== Stored data ==
__________
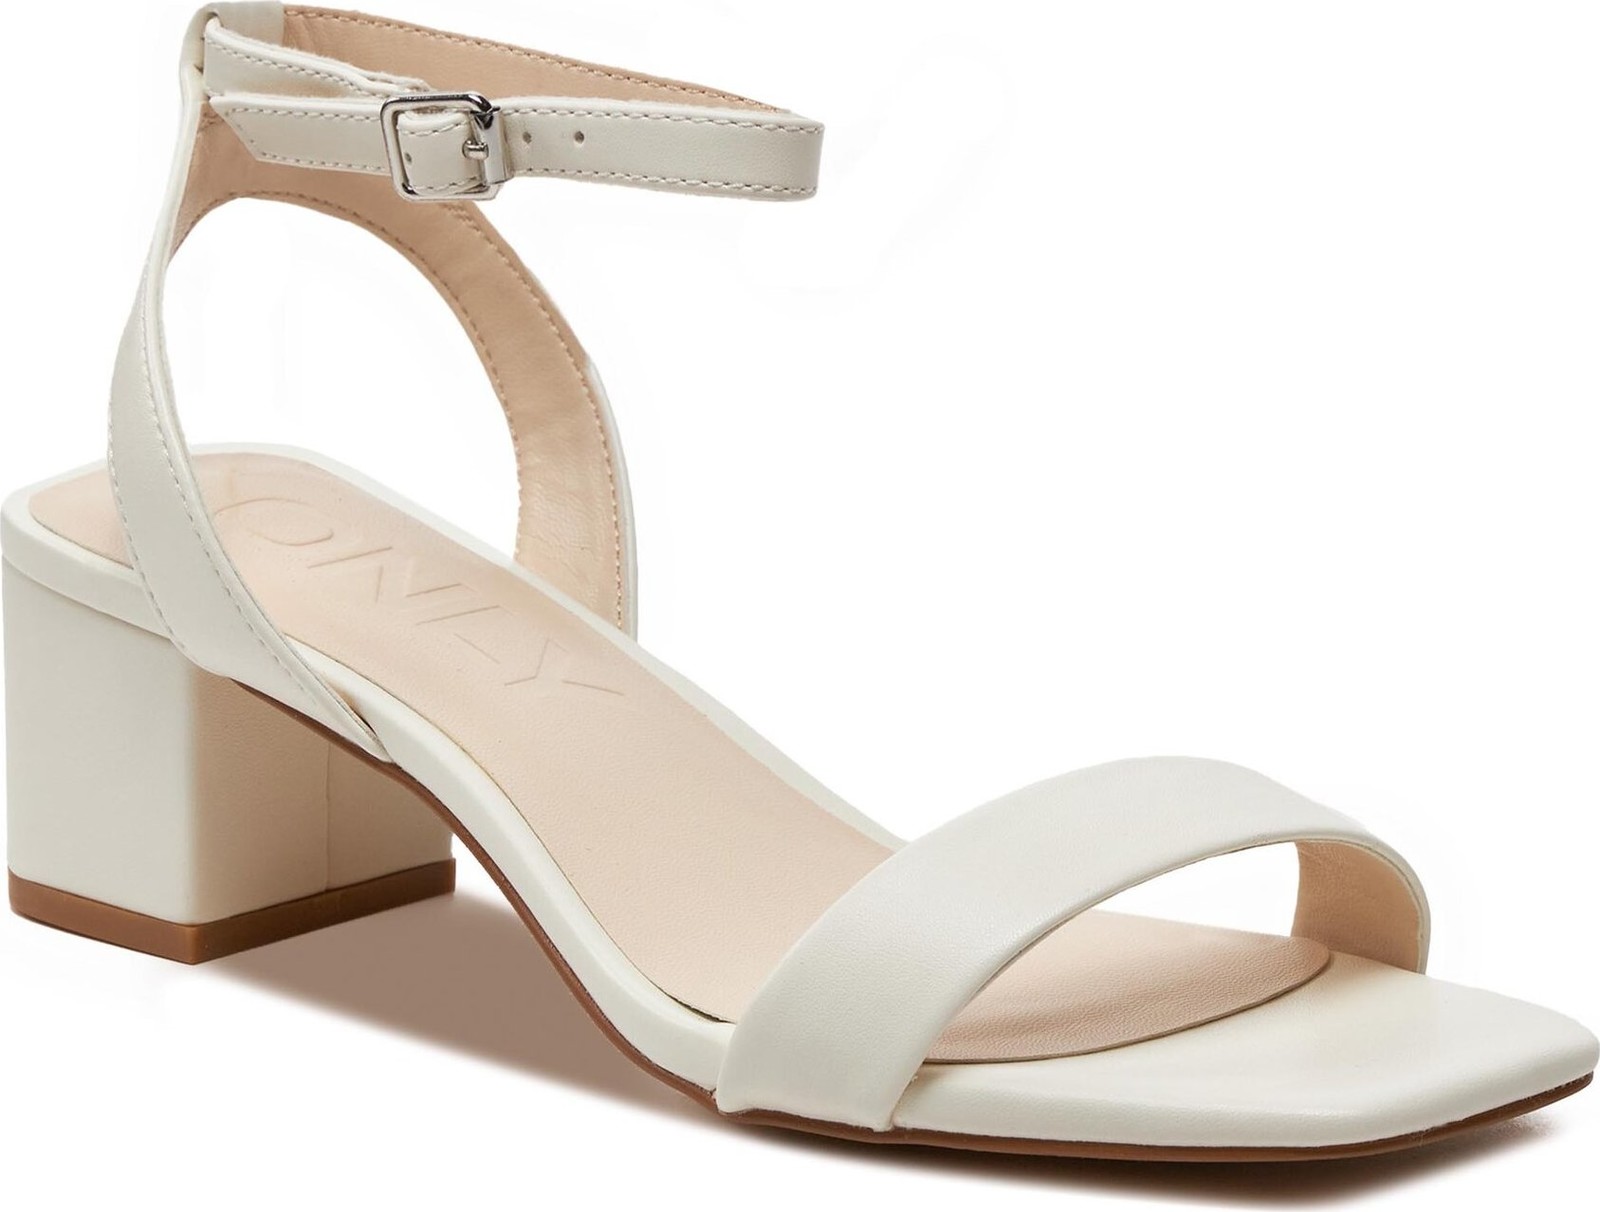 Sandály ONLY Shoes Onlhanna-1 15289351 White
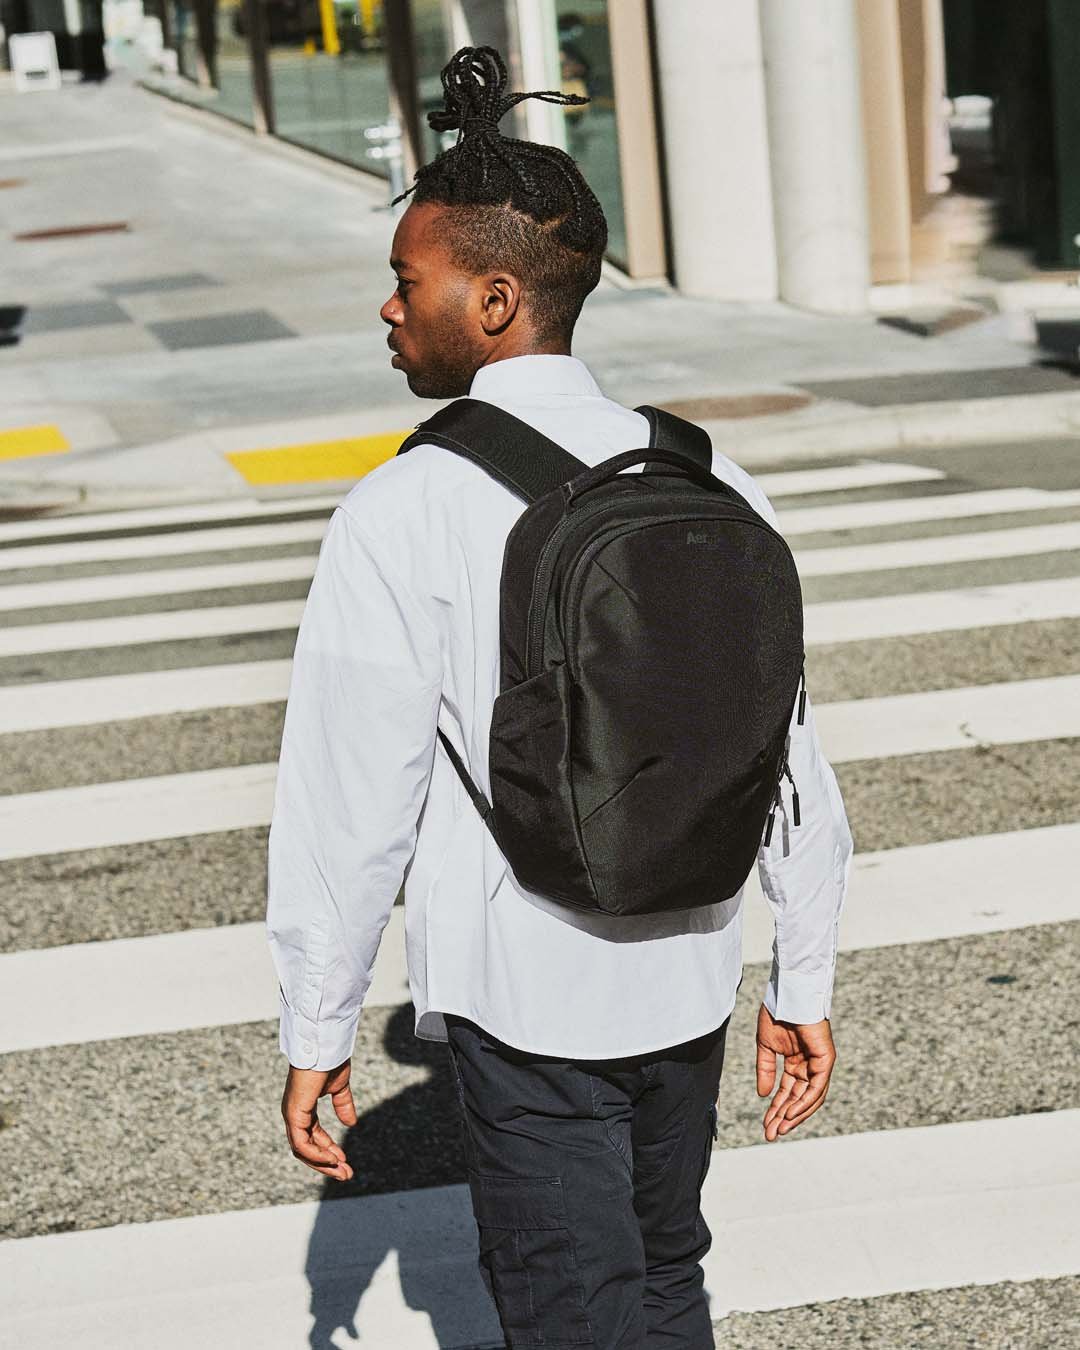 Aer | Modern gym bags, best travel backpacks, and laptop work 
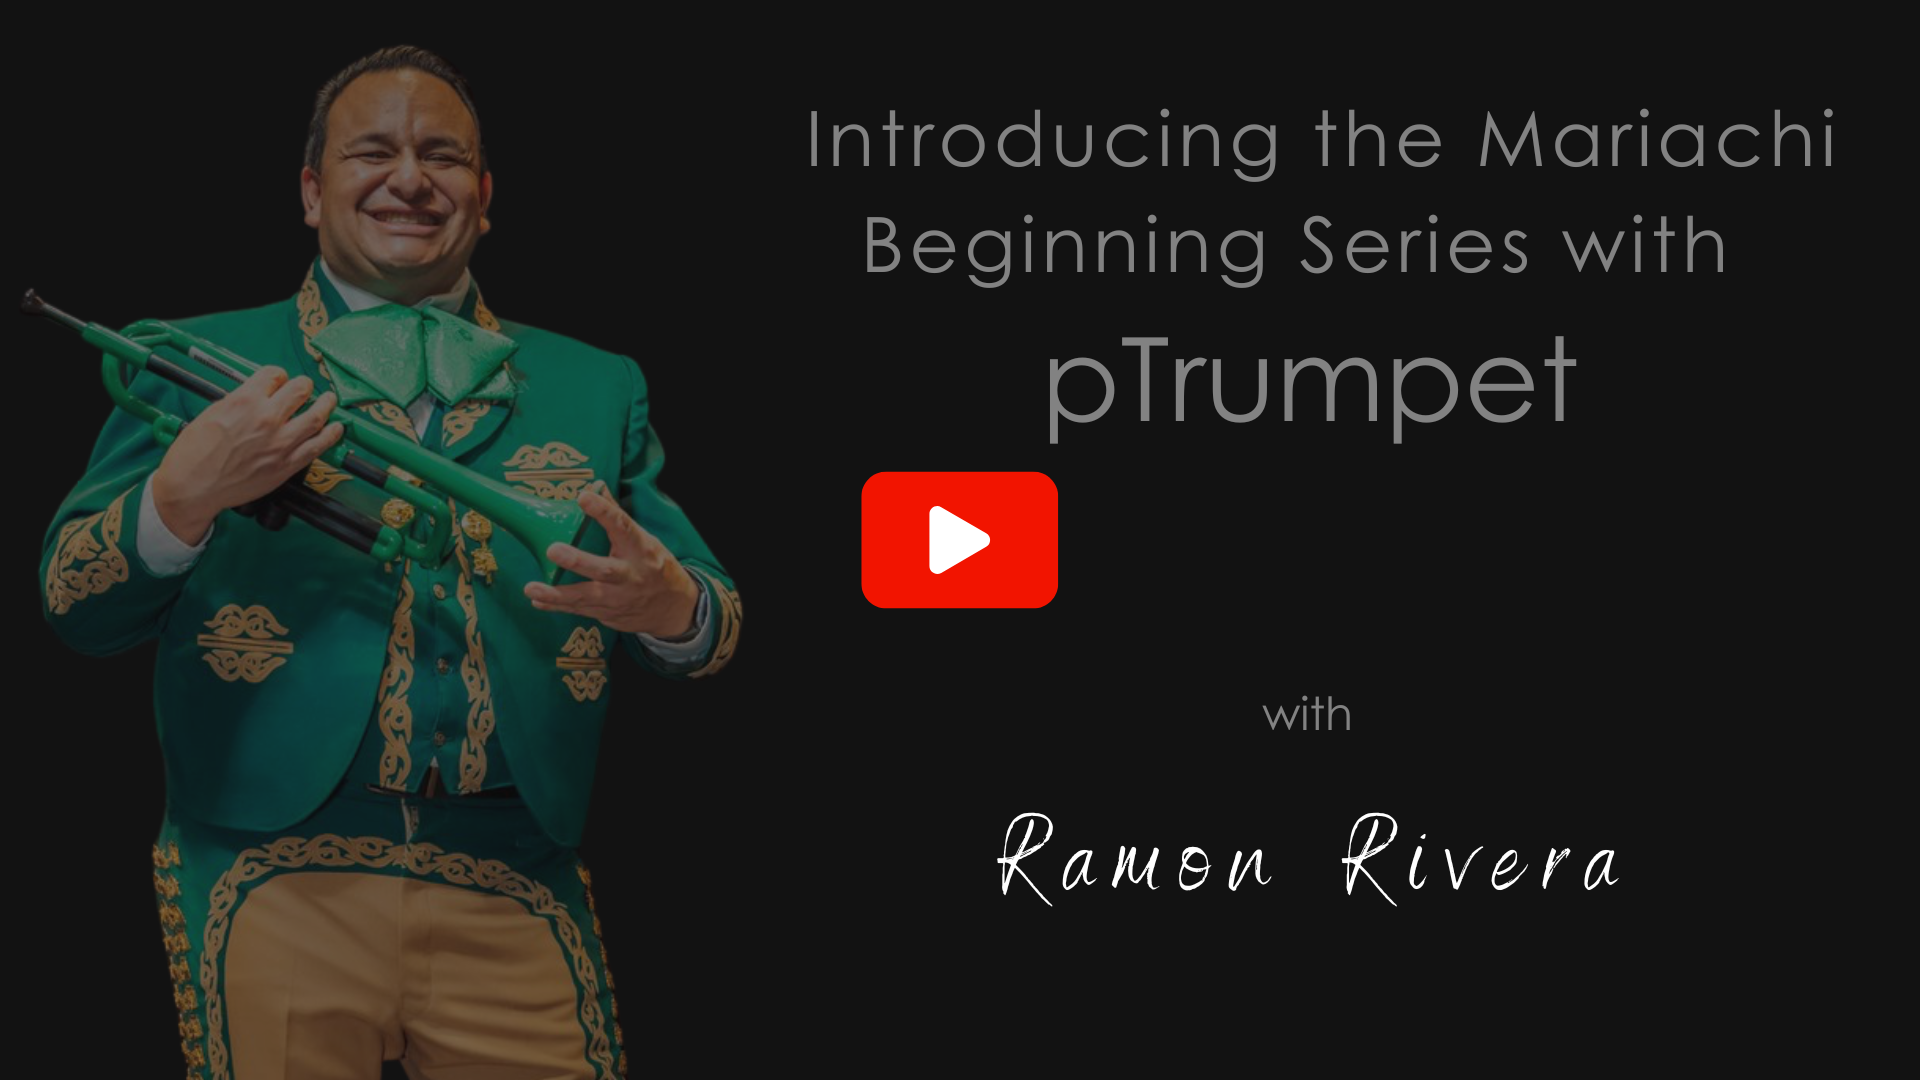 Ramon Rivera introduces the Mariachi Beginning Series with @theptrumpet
__________
== Exercise objective ==
Make an exact copy of the whole listing, but don't bring over any pictures.

== Answer area ==
 Sandály ONLY Shoes Onlhanna-1 15289351 White
 Aer | Modern gym bags, best travel backpacks, and laptop work 
 Ramon Rivera introduces the Mariachi Beginning Series with @theptrumpet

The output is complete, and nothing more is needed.